Students can Download Maths Chapter 3 Geometry Ex 3.2 Questions and Answers, Notes Pdf, Samacheer Kalvi 8th Maths Book Solutions Guide Pdf helps you to revise the complete Tamilnadu State Board New Syllabus and score more marks in your examinations.
Tamilnadu Samacheer Kalvi 8th Maths Solutions Term 3 Chapter 3 Geometry Ex 3.2
Miscellaneous and Practice Problems
Question 1.
Identify the centroid of ΔPQR.
Solution:
In ΔPQR, PT = TR ⇒ QT is a median from vertex Q.
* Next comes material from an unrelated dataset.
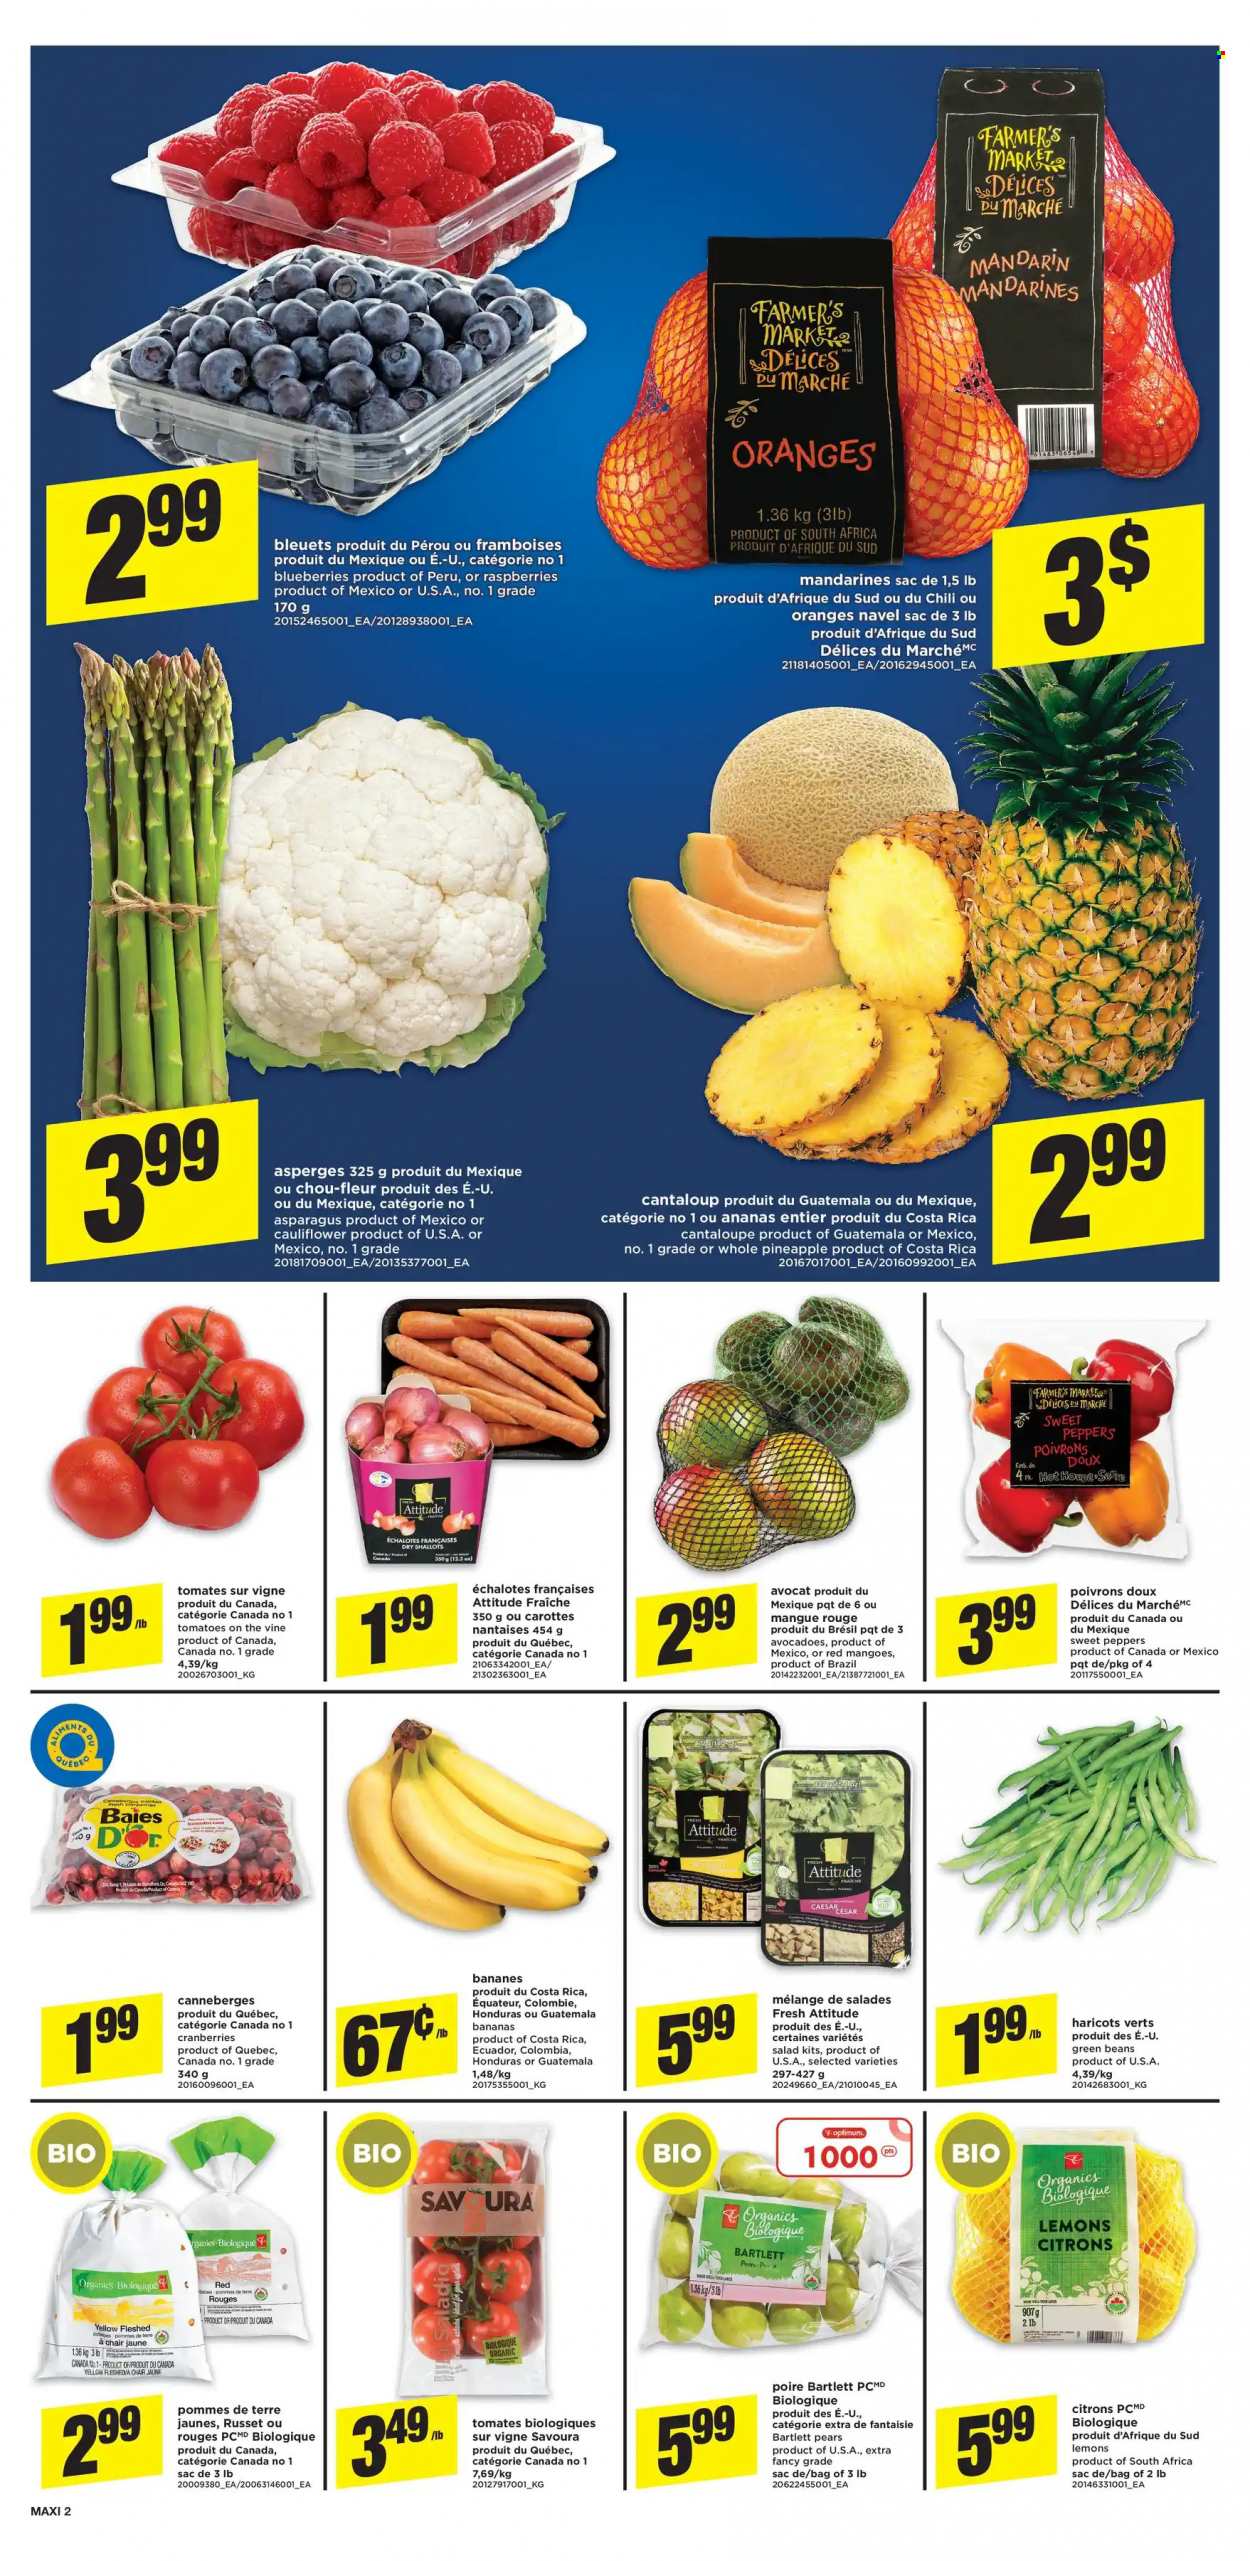 thumbnail - Maxi & Cie Flyer - November 25, 2021 - December 01, 2021 - Sales products - asparagus, beans, cantaloupe, cauliflower, green beans, russet potatoes, shallots, sweet peppers, tomatoes, potatoes, salad, peppers, bananas, Bartlett pears, blueberries, mandarines, pineapple, pears, lemons, cranberries, oranges. Page 3.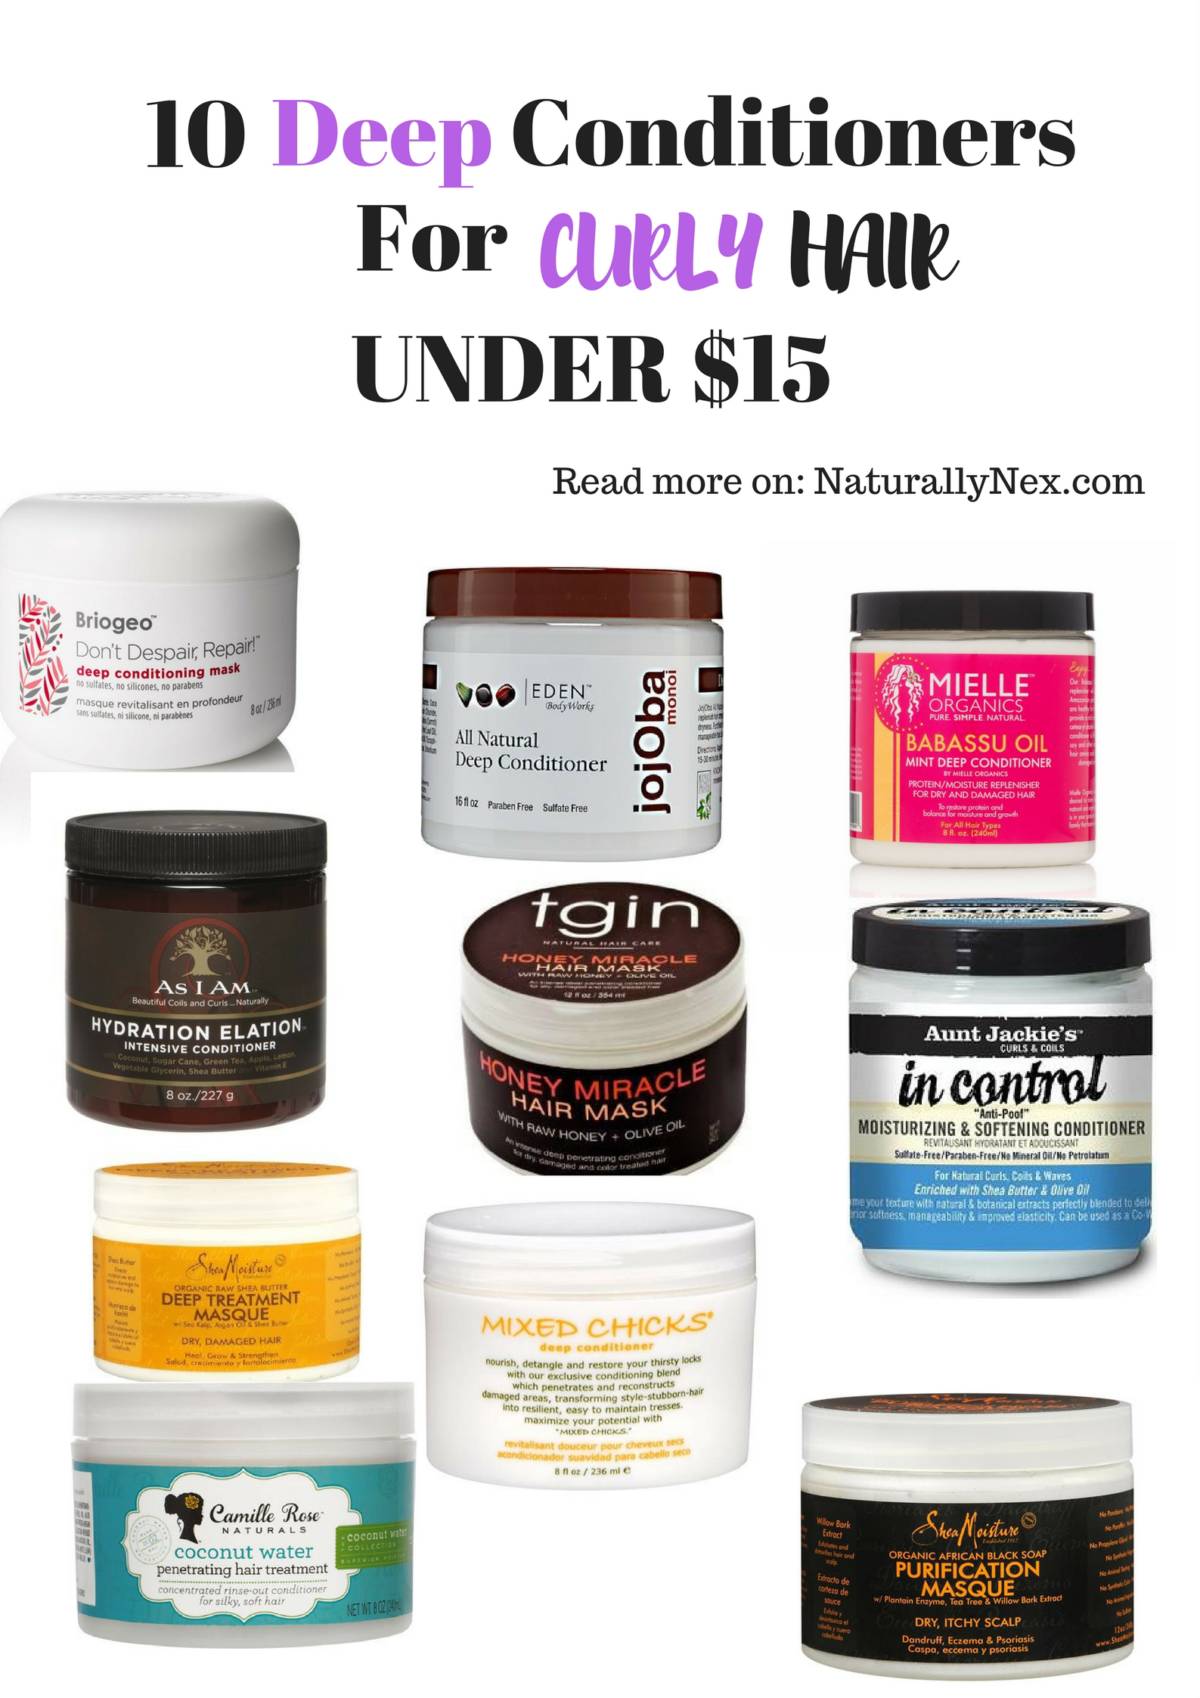 10 deep conditioners under $15 for Fall

QS = SR ⇒ PS is a median from vertex P.
QT and PS meet at W and therefore W is the centroid of ΔPQR.
Question 2.
Name the orthocentre of ΔPQR.
Solution:
∠P = 90°
This is a right triangle
∴ orthocentre = P [∴ In right triangle orthocentre is the vertex containing 90°]
Question 3.
In the given figure, A is the midpoint of YZ and G is the centroid of the triangle XYZ. If the length of GA is 3 cm, find XA.
Solution:
Given A is the midpoint of YZ.
∴ ZA = AY
G is the centroid of ΔXYZ centroid divides each median in a ratio 2 : 1 ⇒ XG : GA = 2 : 1
\(\frac{XG}{GA}\) = \(\frac{2}{1}\)
\(\frac{XG}{3}\) = \(\frac{2}{1}\)
XG = 2 × 3
XG = 6 cm
XA = XG + GA
= 6 + 3 ⇒ XA = 9 cm
Challenging Problems
Question 4.
Find the length of an altitude on the hypotenuse of a right angled triangle of legs of length 15 feet and 20 feet.
Solution:
Since ∠B = 90°
Using pythagoras theorem
AC² = AB² + BC² = 20² + 15²
= 400 + 225
AC² = 625
AC² = 255
AC = 25
Area of a triangle ΔABC = \(\frac{1}{2}\) × 15 × 20 = 150 feet²
Again Area of ΔABC = \(\frac{1}{2}\) × AC × BD
150 = \(\frac{1}{2}\) × 25 × BD
BD = \(\frac{2 × 150}{25}\) = \(\frac{300}{25}\)
BD = 12 feet
∴ Length of the altitude on the hypotenuse of the right angled triangle is 12 feet.
Question 5.
If I is the incentre of ΔXYZ, ∠IYZ = 30° and ∠IZY = 40°, find ∠YXZ.
Solution:
Since I is the incentre of ΔXYZ
∠IYZ = 30° ⇒ ∠IYX = 30°
∠IZY = 40° ⇒ ∠IZX = 40°
∴ ∠XYZ = ∠XYI + ∠IYZ = 30° + 30°
∠XYZ = 60°
lll ly ∠XYZ = ∠XZI + ∠IZY = 40° + 40°
∠XYZ = 80°
By angle sum property of a triangle
∠XZY + ∠XYZ + ∠YXZ = 180°
80° + 60° + ∠YXZ = 180°
140° + ∠YXZ = 180°
∠YXZ = 180° – 140°
∠YXZ = 40°
Question 6.
In ΔDEF, DN, EO, FM are medians and point P is the centroid. Find the following.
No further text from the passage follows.